Всю неделю я провел под дамокловым мечом. Нить перерезали в понедельник. Майор удивил меня, придя на работу в положенное время. Проходя в свой кабинет, он как-то странно посмотрел на меня.
Ровно в десять появились двое мужчин и спросили, где найти майора. Я вычислил их мгновенно. Именно так их описывали в книгах, изображали в кинофильмах: строгие костюмы, галстуки, котелки. Лицо старшего, лет сорока пяти, высекли из камня. Второй, намного младше, высокий, но не спортивного вида, выглядел чуть живее. Я проводил их к кабинету майора. Там они пробыли тридцать минут, вышли и прямиком направились к моему столу.
— Вы — Джон Мерлин? — сухо спросил старший.
— Да.
— Можем мы поговорить с вами наедине? Мы получили разрешение вашего командира.
Я встал и провел их в одну из комнат, в которой в день занятий собирался штаб подразделения Армейского резерва. Оба немедленно достали бумажники, раскрыли их, показали зеленые удостоверения. Обоих представил старший:
— Я — Джеймс Уоллес из Федерального бюро расследований.

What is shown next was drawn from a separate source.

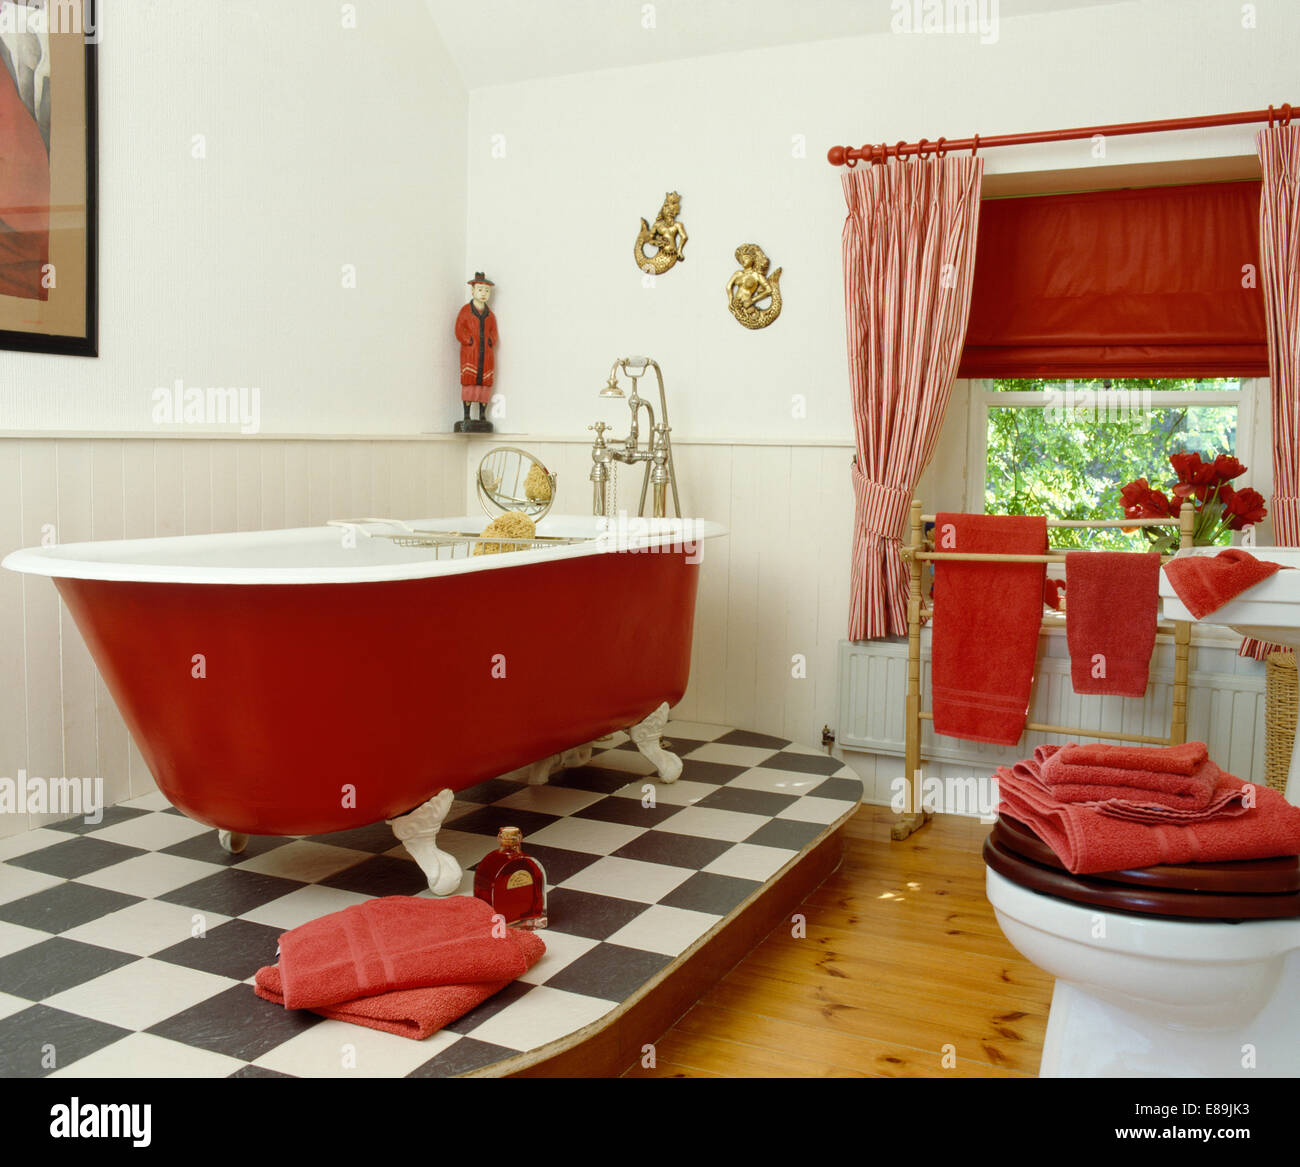 Roten Rolltop Bad auf erhöhten schwarz + weißes Vinylfußboden im Bad mit roten blind und gestreiften Vorhänge am Fenster Stockfoto

Это Том Хэннон.
Хэннон дружелюбно мне улыбнулся.
— Мы хотим задать вам несколько вопросов. Но вы не должны отвечать на них без консультации с адвокатом. Если вы на них ответите, все сказанное вами может быть использовано против вас. Понятно?
— Понятно, — кивнул я.
Я сел во главе стола, они — по обе стороны от меня, взяв меня в клещи.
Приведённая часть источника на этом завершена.